When we hear that something has a “retry queue”, we tend to think of the behavior of something like a background job queue. In a typical background job queue, when you say “retry in 1 second”, that job will be executed in 1 second. The “retry” is a command that will be honored. When you can command that a job is retried after a particular interval, you don’t need to worry about “older jobs” (jobs that have been retried more times) having any sort of penalty relative to “newer jobs” and so having some kind of backoff steps makes sense to distribute execution load.
But, with SQLite’s “retry queue”, we aren’t telling SQLite “retry this query in 1 ms” as a command, we are more so saying “you can attempt to run this query again in 1ms”. There is no guarantee that the query will actually run, since it has to attempt to acquire the write lock before running. This slight change in behavior, from retry commands to retry requests, has a big impact on the optimal way to implement a “busy handler” (the code that handles what happens when the operation is can’t be executed because the executor is busy).
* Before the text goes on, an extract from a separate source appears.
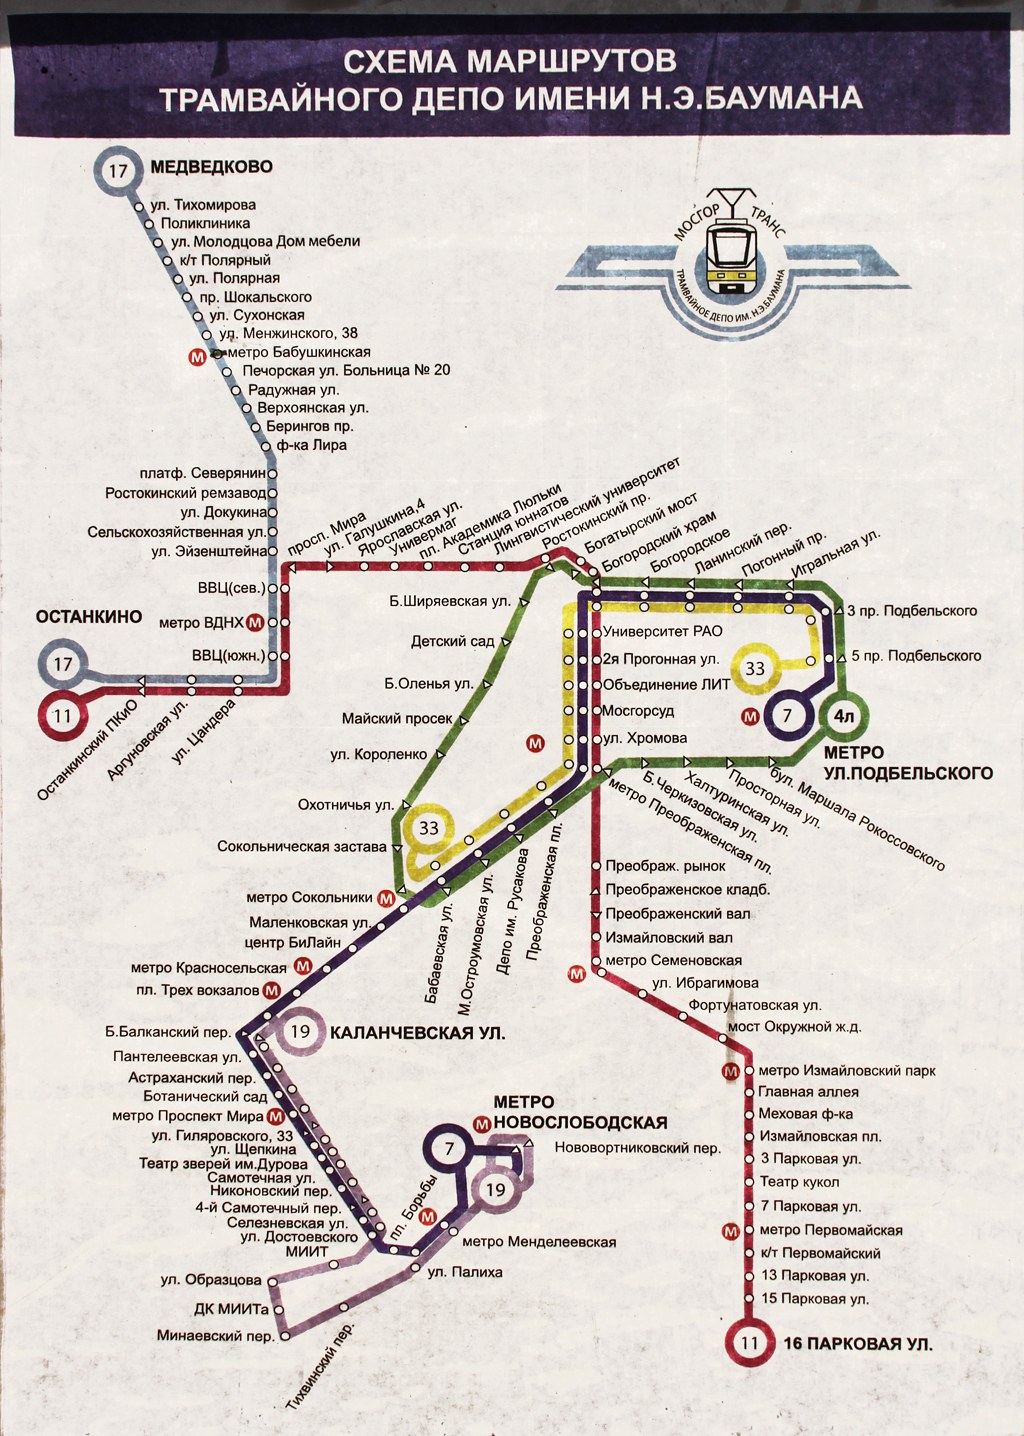 Москва — Салонные и диспетчерские схемы — трамвай

In my in-depth article on optimizing SQLite performance in a Ruby context, I found that having a backoff1 has a noticeable impact on long-tail latency (p99.99 from my load testing):
but when using the “fair” retry interval where we always wait the same amount of time regardless of how many times the busy handler has been called, the long-tail latency flattens out:
These early tests show that when you are dealing with a “retry queue” that requests that a query try to run in the future, a backoff penalizes “older queries” (queries that have run the busy handler more times).
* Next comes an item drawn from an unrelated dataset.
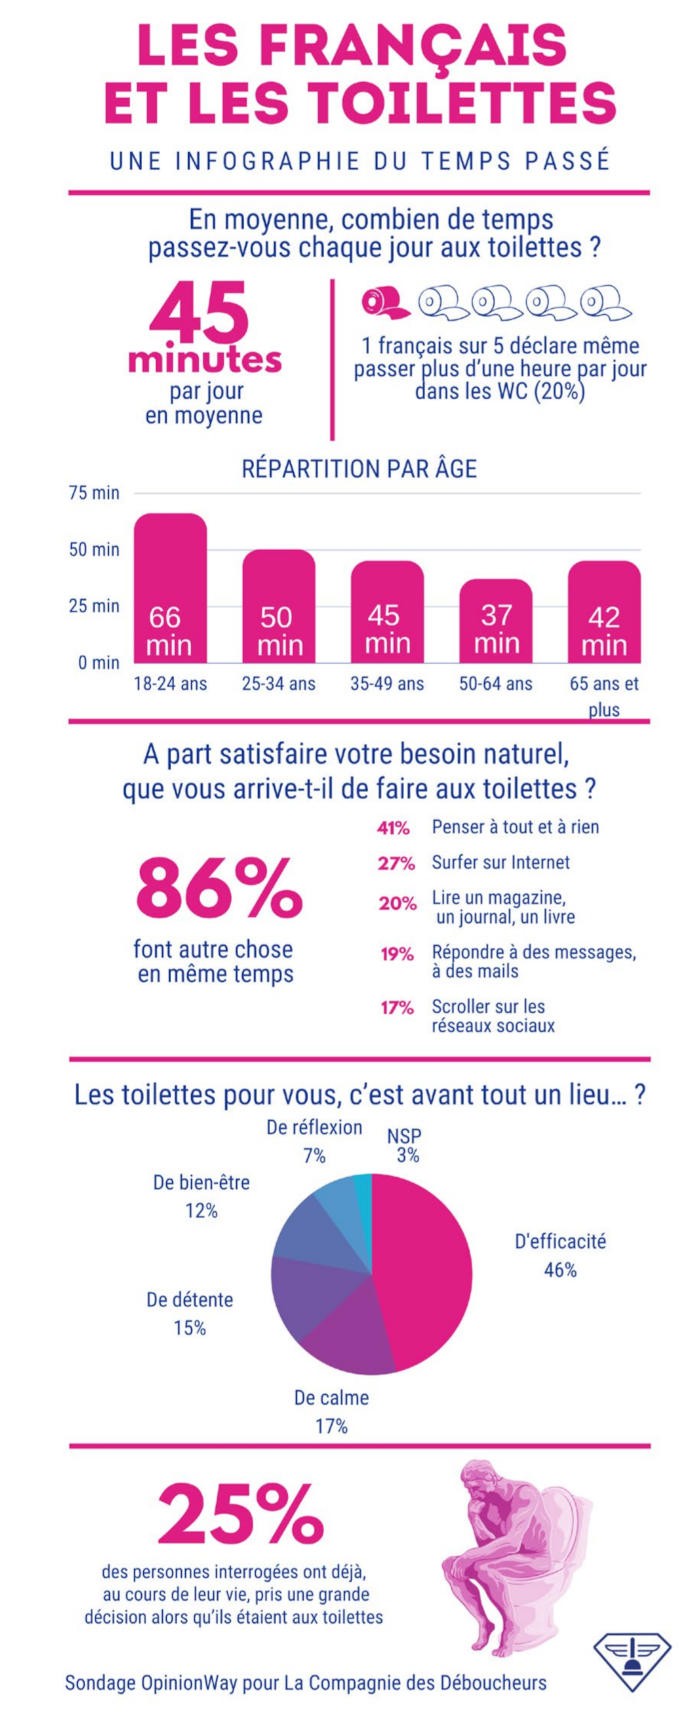 Les Français et les toilettes par La Compagnie des Déboucheurs

But, I wanted to provide a richer collection of data from a wider range of scenarios to ensure that having consistent “retry polling” doesn’t negatively affect the performance of the connection holding the lock.
To consider the impact of polling for the lock, myself and @oldmoe wanted to explore the following three scenarios:
- all queries are fast
- one slow query with contention from fast queries
- two slow queries with contention from fast queries
In order to explore a wide range of situations, we had the contentious fast queries run from a composition of processes and threads. The slow queries were always ran from the single parent process in succession.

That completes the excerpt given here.